Investigators were apparently suspicious of Davenport's story after they discovered what they said was evidence that a physical struggle occurred inside the cabin, according to court records.
An easy chair was lying on its back a few feet away from Irene Davenport's feet. An iron frying pan with its handle broken off was on the kitchen floor and slats from a pantry door were damaged, according to charging documents.
Investigators said in charging documents there were no apparent wounds on Irene Davenport's head consistent with a self-inflicted contact gunshot wound.
Troopers found the revolver on a long white skirt Irene Davenport was wearing. Investigators alleged that a swipe mark on the bloodied floor indicated the gun and skirt were moved after she hit the floor, according to court documents, and that there was blood on the revolver's grip, trigger, hammer, and cylinder, but not on the barrel.
A witness told troopers he was fishing in a canoe on the lake that night when he heard an altercation from inside Davenport's cabin, court records stated. Just a few hundred feet from the cabin, Glenn Turner said he strained to hear what the couple was arguing about.
According to charging documents, Turner said he heard a woman screaming, shouting several times, "Put it the f___ down." He said he then heard a loud bang he thought was a firecracker. A large man then walked out of the cabin and headed toward the highway, he said. The woman's screams stopped, Turner reported.
Sgt. Dallas Massie found a brown leather holster lying on the ground by a path about 30 yards away from the cabin, court records stated. Davenport could not tell troopers how the revolver holster ended up outside when the last time he had seen it was in his wife's hand, he told troopers.

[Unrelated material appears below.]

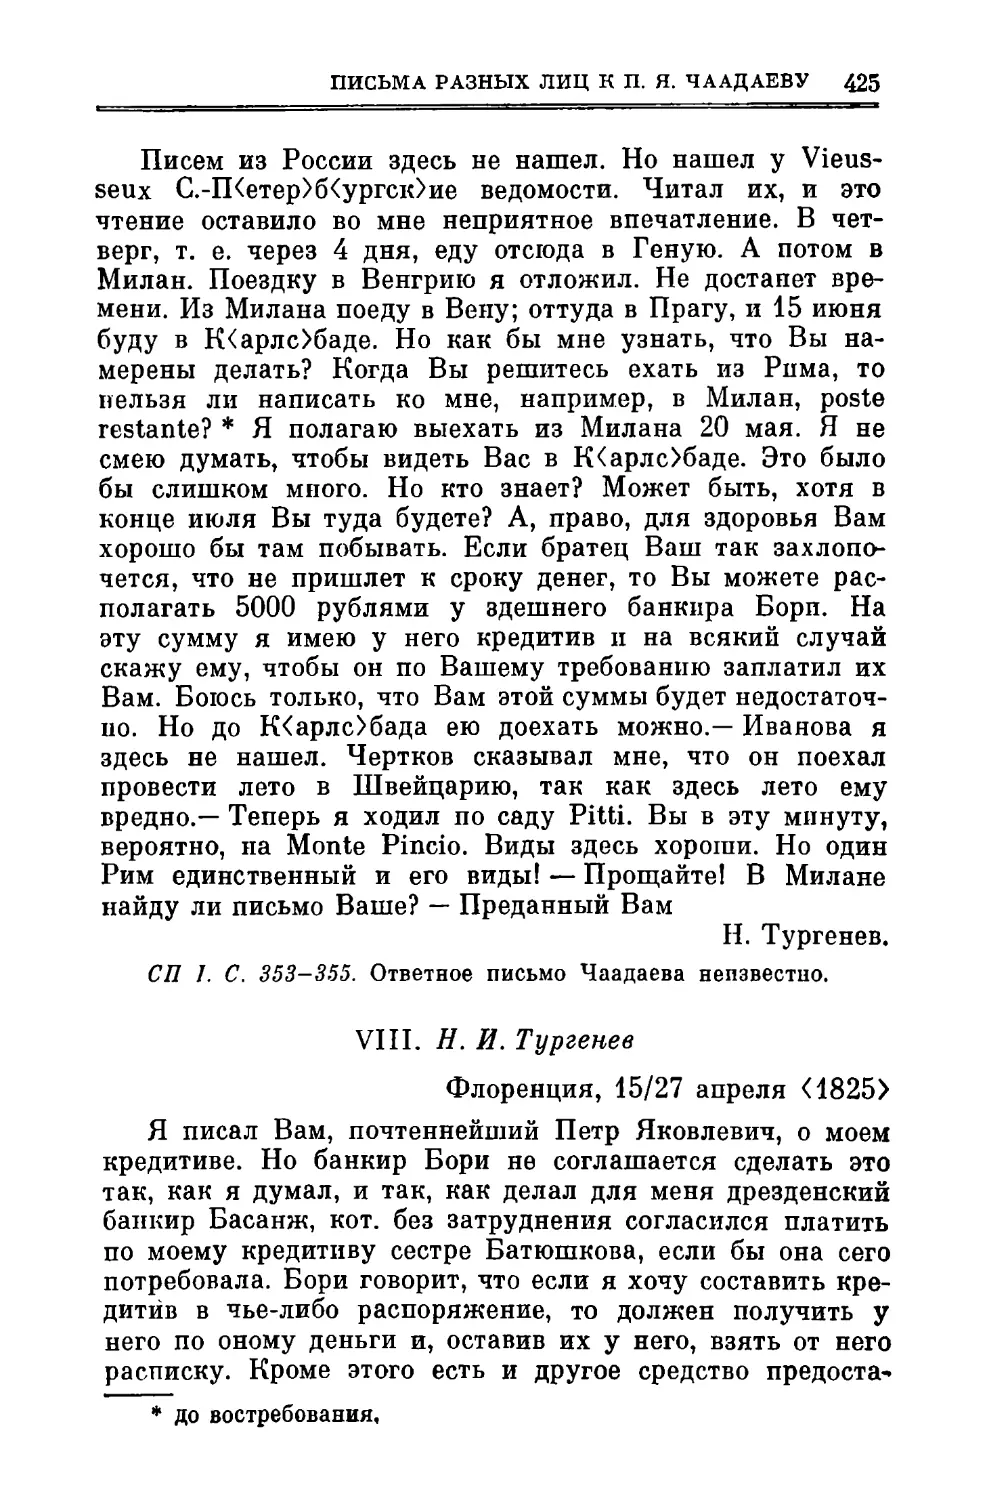 VIII. Тургенев Н.И. 15/27.ІV.1825

Davenport told troopers he and his wife had married a little over a year ago, McPheron said. Davenport's cooking job had recently ended at the Mount McKinley Princess Wilderness Lodge, troopers said. Massie said he met Davenport when he was a cook at the Talkeetna Alaskan Lodge.
Massie said troopers had never received any complaints of domestic violence from the couple.
On Wednesday, troopers had received Irene Davenport's autopsy report. However, McPheron declined to comment on the results, citing the pending investigation.
Davenport was scheduled to appear Thursday at a pre-indictment hearing.